9x9 go agent inspired by Alpha Go

AboutNetwork ArchitectureTrainingResultsSources

About

This project aims at creating a 9x9 go agent using the methods implemented by the Google Deepmind team in both AlphaGo and AlphaGo Zero. This begins by training a neural network using supervised learning for board evaluation and move prediction and then moving into a self improvement stage using reinforcement learning. The next step is to train a policy and value network tabula rasa using pure reinforcement learning and self-play.

Network Architecture

This model utilizes a convolutional neural network with residual blocks and either a policy or value head to make predictions about a given board state. The policy head utilizes a 1x1 convolution, batch norm, and a fully connected layer and the value head...

Training

Value Training

These value network models were trained on a 2000 game subset of the 40,000 9x9 go games collected from the OGS website. Each game has at least one dan level player ensuring some degree of optimal play.

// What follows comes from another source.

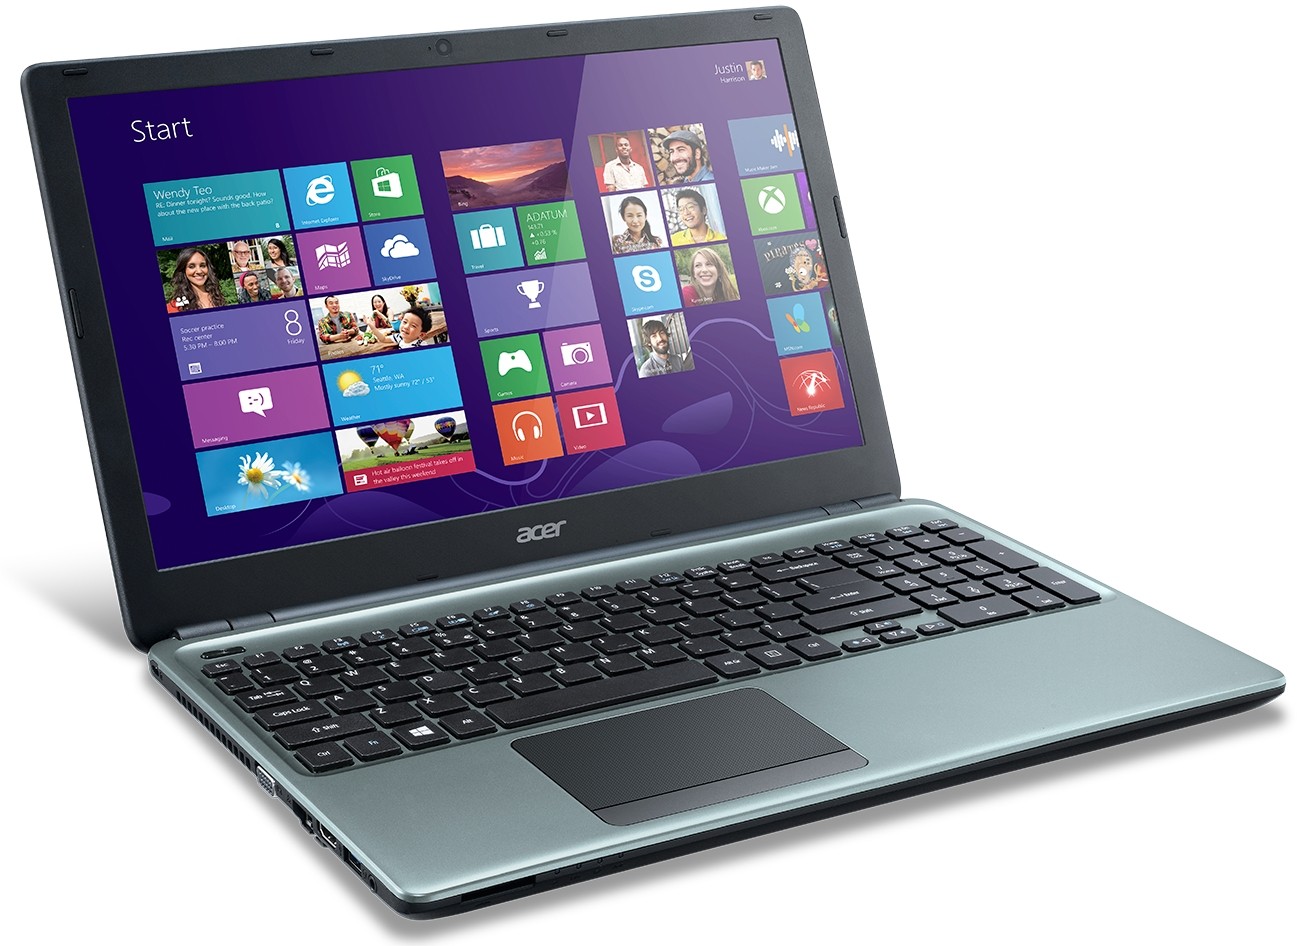 Купить Ноутбук Acer E1 570g

The games were processed from the standard game format to a (n, 11, 9, 9) tensor, where n represents the number of states in the game, 11 where 2 sets of 5 dimensions are allocated for white and blacks stone positions for the past 5 moves and the final dimension for the player turn at that state. Each model was trained for 50 iterations with seeded random shuffling of data to predict the winner of the game. This was done using the a tanh activation function where 1 represents the current player winning and -1 represents the opposing player winning. The decision boundry for a successful prediction is one where |p| > 1/3, anything less than 1/3 it taken to be an uncertainty interval. All models tested converge to an accuracy of about 55%-60% which is relativly good considering the ambiguity of early game states. Although the accuracy remained relativly consistent for the majority of training, using model versions where the validation and training loss were at their lowest proved make the most reasonable predictions in user tesing.

Policy Training

Results

Sources

Go Datasets

Go Engines

Papers

Additional Sources

Meta

Gregory Eales – @GregoryHamEgregory.hamilton.e@gmail.com

Distributed under the MIT license. See LICENSE for more information.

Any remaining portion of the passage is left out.